### What is being asked:
Look below for the line containing "Karen_Alex_Bliss_ridge_farm_Vermont_wedding002.jpg" and the line containing "Marketing, Digital & Technology"; repeat exactly those two lines and all lines between them, and nothing else.

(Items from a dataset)
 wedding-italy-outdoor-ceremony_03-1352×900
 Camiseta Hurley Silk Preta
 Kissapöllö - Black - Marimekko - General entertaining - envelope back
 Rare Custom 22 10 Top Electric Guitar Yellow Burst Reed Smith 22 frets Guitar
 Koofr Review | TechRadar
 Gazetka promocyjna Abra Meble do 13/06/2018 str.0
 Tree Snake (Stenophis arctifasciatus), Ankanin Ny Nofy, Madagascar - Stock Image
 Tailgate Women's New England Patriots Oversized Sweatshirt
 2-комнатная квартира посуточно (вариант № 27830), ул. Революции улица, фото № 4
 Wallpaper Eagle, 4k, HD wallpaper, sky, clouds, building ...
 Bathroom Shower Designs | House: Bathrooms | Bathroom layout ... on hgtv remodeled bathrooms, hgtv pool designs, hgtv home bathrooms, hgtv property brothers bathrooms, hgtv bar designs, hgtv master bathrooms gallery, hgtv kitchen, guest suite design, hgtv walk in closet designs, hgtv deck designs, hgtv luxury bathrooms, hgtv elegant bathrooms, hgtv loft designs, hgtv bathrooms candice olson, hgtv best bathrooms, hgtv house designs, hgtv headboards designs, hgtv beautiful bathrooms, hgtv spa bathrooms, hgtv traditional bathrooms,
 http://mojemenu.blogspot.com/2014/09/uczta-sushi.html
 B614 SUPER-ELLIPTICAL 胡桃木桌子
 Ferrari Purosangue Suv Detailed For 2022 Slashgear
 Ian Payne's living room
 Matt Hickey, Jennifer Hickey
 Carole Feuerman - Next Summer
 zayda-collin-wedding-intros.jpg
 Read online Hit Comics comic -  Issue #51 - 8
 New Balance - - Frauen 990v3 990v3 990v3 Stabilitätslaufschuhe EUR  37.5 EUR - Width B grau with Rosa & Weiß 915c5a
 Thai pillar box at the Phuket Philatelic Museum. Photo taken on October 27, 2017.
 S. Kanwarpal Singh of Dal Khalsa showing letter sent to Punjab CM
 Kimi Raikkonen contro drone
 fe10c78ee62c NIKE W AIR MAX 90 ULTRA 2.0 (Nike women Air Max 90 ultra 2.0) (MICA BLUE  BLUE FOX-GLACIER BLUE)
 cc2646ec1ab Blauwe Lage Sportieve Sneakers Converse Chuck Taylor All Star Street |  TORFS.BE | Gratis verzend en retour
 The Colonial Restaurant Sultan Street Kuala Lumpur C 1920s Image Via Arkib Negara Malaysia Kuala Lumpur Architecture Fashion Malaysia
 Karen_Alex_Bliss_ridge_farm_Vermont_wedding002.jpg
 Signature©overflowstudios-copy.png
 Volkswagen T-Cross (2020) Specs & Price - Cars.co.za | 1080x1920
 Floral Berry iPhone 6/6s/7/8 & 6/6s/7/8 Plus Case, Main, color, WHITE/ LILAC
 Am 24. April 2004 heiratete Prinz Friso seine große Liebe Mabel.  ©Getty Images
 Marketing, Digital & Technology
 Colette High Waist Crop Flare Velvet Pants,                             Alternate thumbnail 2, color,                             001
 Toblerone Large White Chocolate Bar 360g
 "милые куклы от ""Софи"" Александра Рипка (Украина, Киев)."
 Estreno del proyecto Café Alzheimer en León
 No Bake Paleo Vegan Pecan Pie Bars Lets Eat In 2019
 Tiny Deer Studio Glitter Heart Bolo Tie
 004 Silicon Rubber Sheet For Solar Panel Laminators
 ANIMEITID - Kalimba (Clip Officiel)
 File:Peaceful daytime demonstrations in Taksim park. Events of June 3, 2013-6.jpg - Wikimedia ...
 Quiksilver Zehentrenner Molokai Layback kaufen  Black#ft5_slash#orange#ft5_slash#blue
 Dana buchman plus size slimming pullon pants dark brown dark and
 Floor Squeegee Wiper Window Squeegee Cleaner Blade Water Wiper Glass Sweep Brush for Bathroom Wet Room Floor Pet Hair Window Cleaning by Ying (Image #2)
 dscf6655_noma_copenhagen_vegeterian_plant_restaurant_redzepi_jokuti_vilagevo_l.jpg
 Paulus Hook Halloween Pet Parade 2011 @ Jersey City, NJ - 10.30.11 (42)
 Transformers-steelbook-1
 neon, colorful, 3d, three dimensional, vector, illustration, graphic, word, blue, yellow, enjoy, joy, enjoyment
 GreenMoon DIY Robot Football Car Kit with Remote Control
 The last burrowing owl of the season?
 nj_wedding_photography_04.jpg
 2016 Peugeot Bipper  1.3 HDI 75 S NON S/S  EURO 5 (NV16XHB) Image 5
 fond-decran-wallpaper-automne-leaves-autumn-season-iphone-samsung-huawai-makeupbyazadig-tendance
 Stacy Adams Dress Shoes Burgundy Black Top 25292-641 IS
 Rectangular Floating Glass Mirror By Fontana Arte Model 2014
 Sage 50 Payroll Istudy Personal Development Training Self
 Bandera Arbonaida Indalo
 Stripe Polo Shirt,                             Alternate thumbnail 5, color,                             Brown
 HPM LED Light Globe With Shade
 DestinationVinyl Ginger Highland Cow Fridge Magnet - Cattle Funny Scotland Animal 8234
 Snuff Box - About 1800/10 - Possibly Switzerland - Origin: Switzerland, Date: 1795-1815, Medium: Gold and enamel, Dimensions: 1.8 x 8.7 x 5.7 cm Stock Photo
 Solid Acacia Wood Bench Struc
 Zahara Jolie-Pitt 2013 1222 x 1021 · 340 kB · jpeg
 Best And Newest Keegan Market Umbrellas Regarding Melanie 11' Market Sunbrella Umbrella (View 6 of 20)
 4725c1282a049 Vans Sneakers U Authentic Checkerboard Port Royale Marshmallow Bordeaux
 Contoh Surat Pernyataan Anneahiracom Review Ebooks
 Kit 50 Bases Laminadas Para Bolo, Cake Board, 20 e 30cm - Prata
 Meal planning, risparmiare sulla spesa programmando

### Task result:
 Karen_Alex_Bliss_ridge_farm_Vermont_wedding002.jpg
 Signature©overflowstudios-copy.png
 Volkswagen T-Cross (2020) Specs & Price - Cars.co.za | 1080x1920
 Floral Berry iPhone 6/6s/7/8 & 6/6s/7/8 Plus Case, Main, color, WHITE/ LILAC
 Am 24. April 2004 heiratete Prinz Friso seine große Liebe Mabel.  ©Getty Images
 Marketing, Digital & Technology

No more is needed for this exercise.